- [WHAT YOU WILL DO]:
Only one stretch of the material below is wanted: everything from the line containing "In this listing" down to the line containing "Very good vintage condition with small", both ends included. Repeat it exactly and skip the pictures.

- [DATA EXTRACTS]:
>>>>>

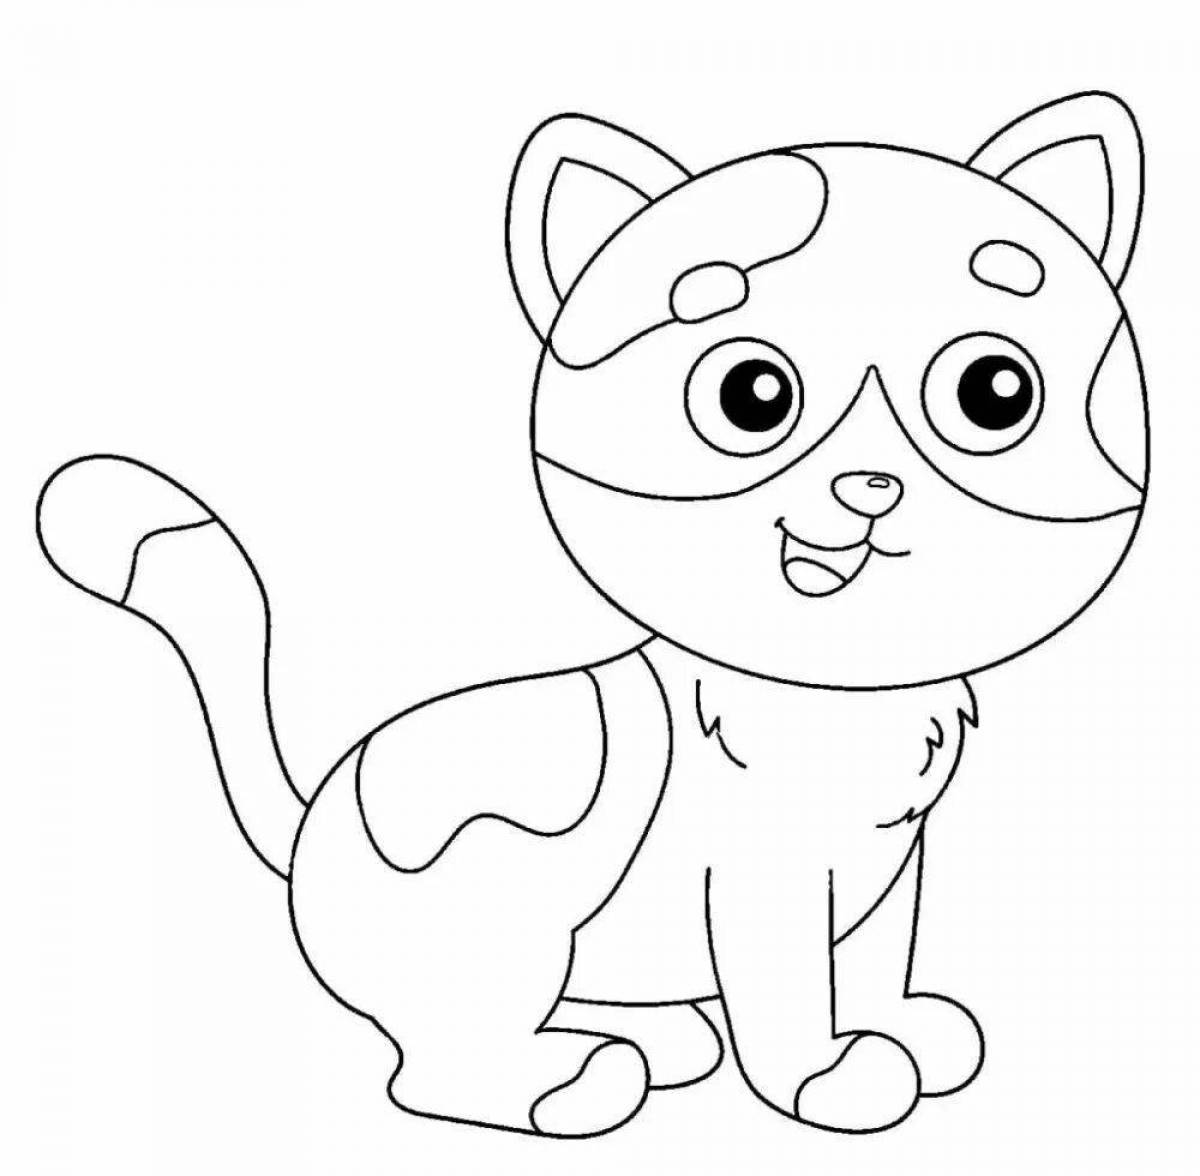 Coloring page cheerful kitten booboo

<<<<<
>>>>>

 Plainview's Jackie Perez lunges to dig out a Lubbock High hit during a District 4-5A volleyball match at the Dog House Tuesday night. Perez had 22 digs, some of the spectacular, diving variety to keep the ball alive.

<<<<<
>>>>>

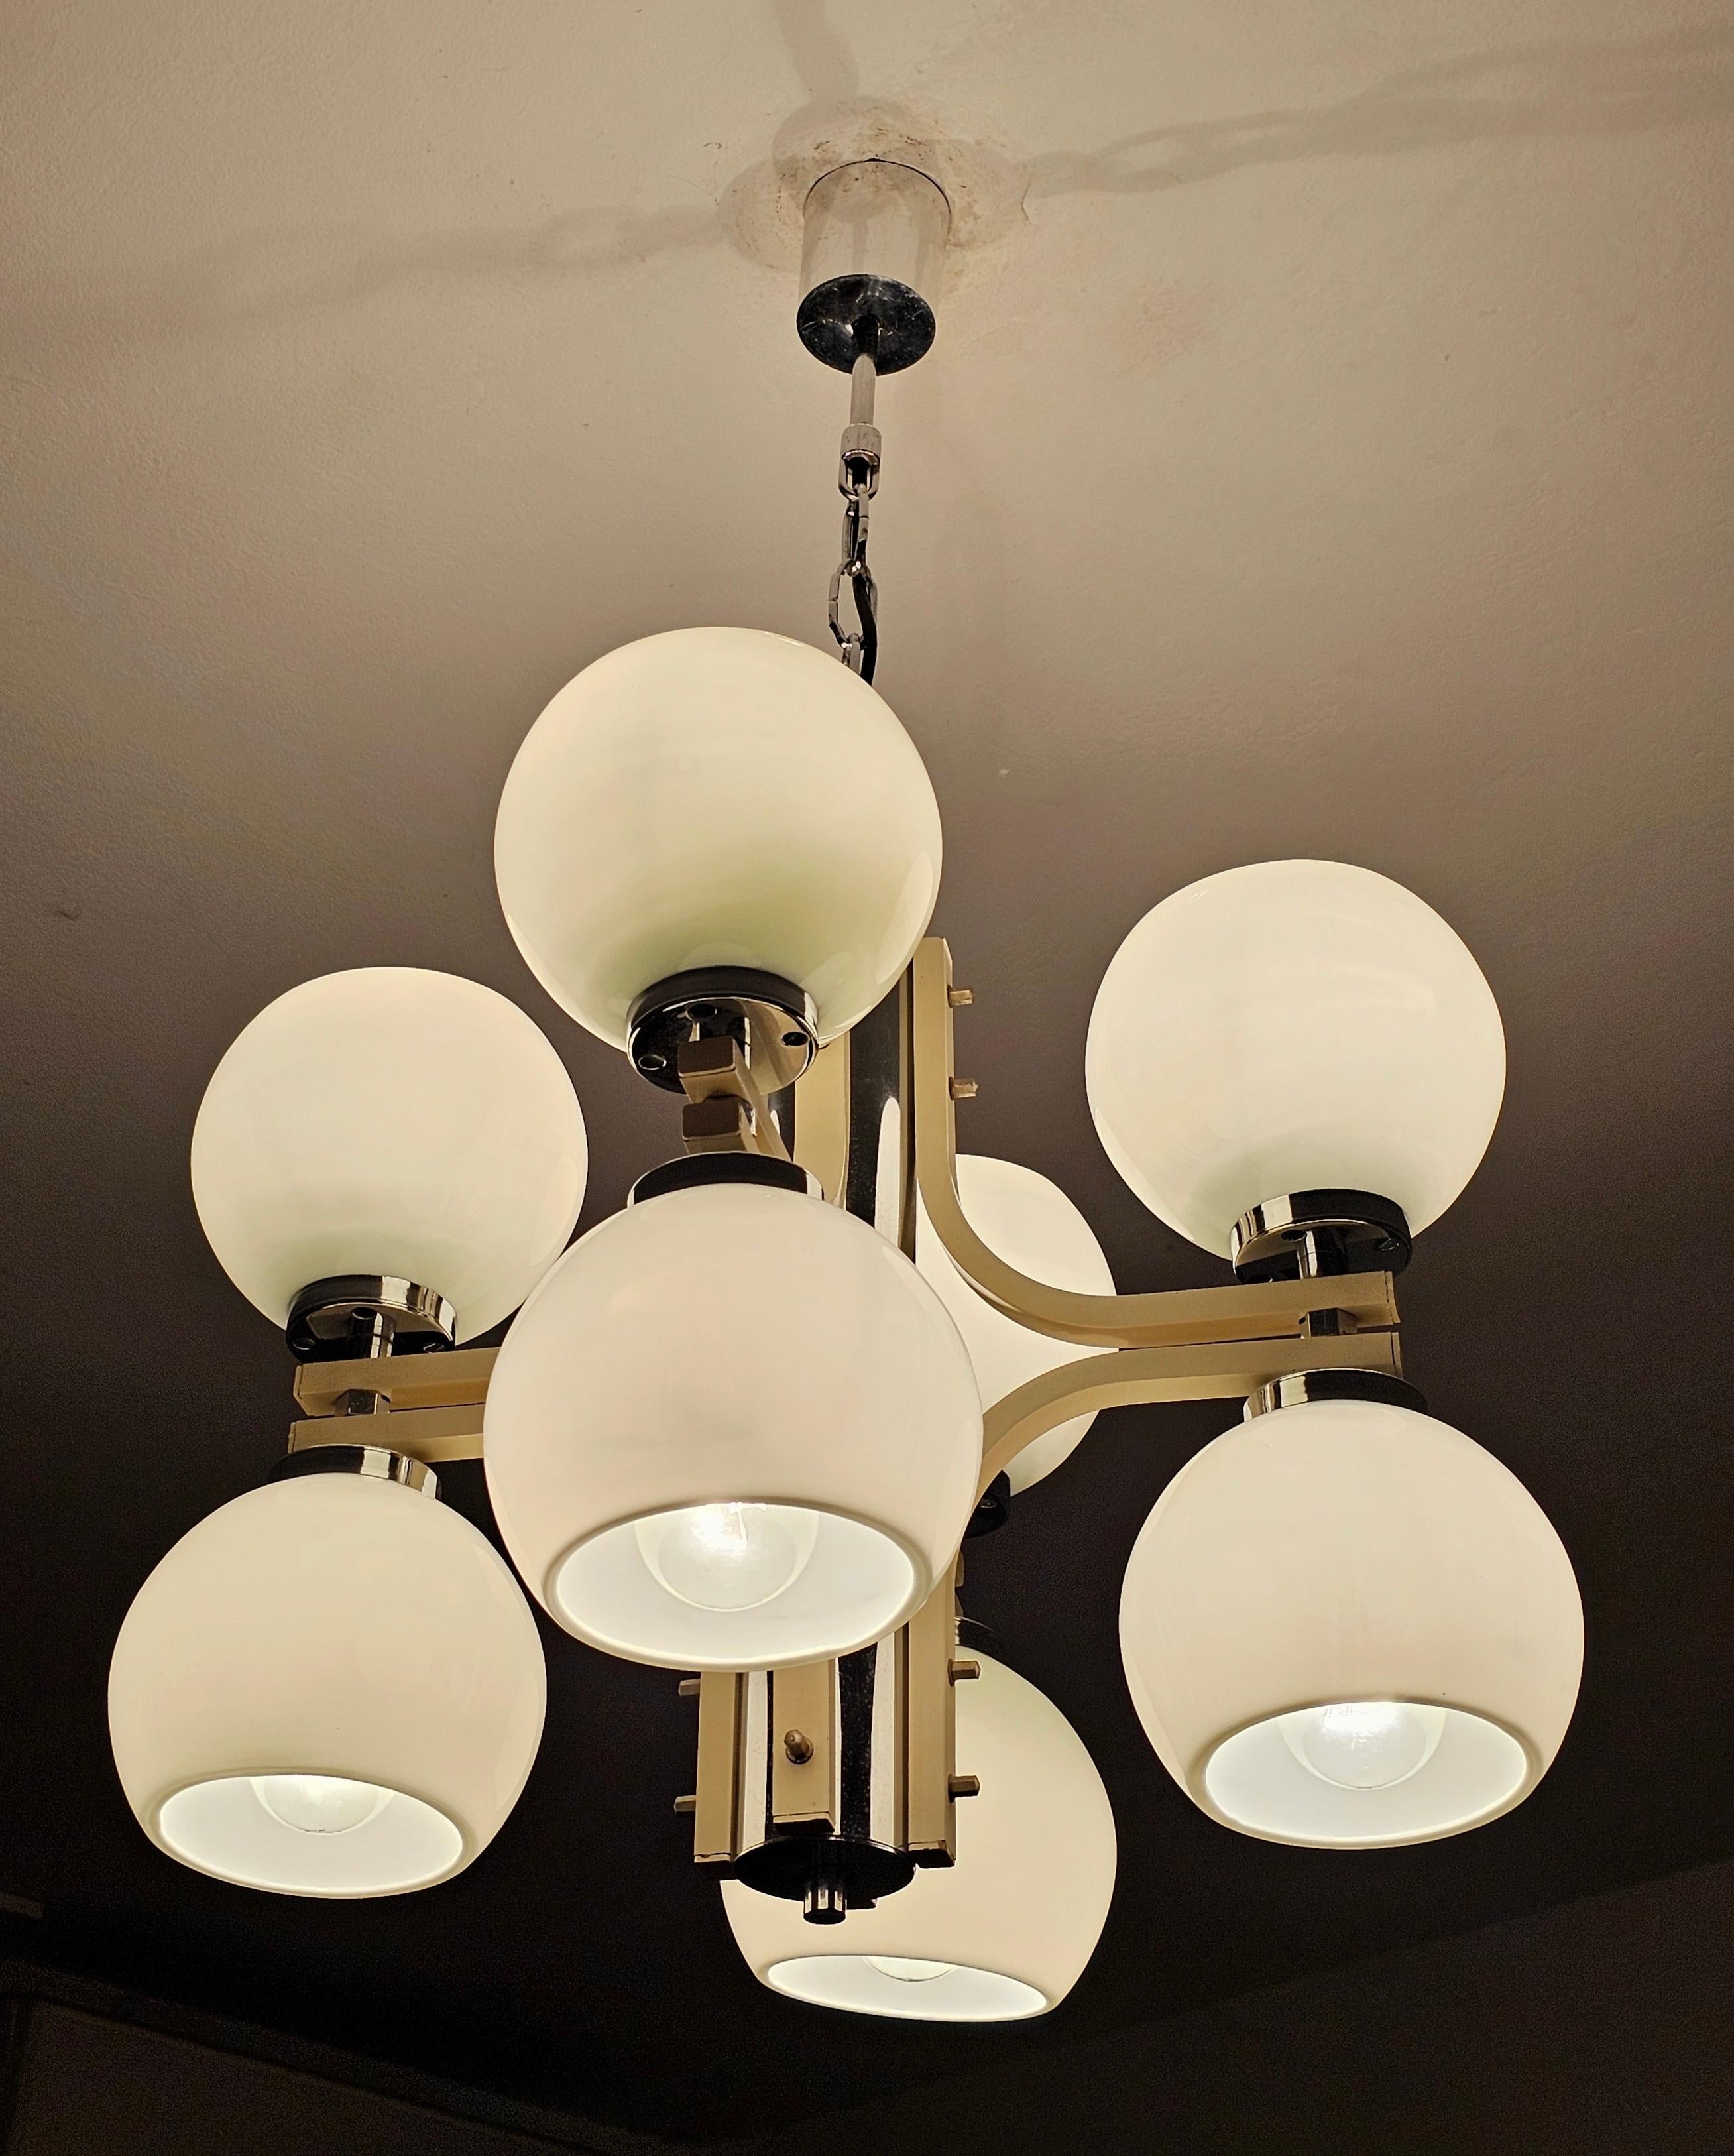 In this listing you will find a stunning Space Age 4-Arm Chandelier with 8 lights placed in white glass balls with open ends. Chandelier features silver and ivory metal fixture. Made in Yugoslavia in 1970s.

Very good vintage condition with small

<<<<<

- [OUTPUT FOR THIS EXERCISE]:
 In this listing you will find a stunning Space Age 4-Arm Chandelier with 8 lights placed in white glass balls with open ends. Chandelier features silver and ivory metal fixture. Made in Yugoslavia in 1970s.

Very good vintage condition with small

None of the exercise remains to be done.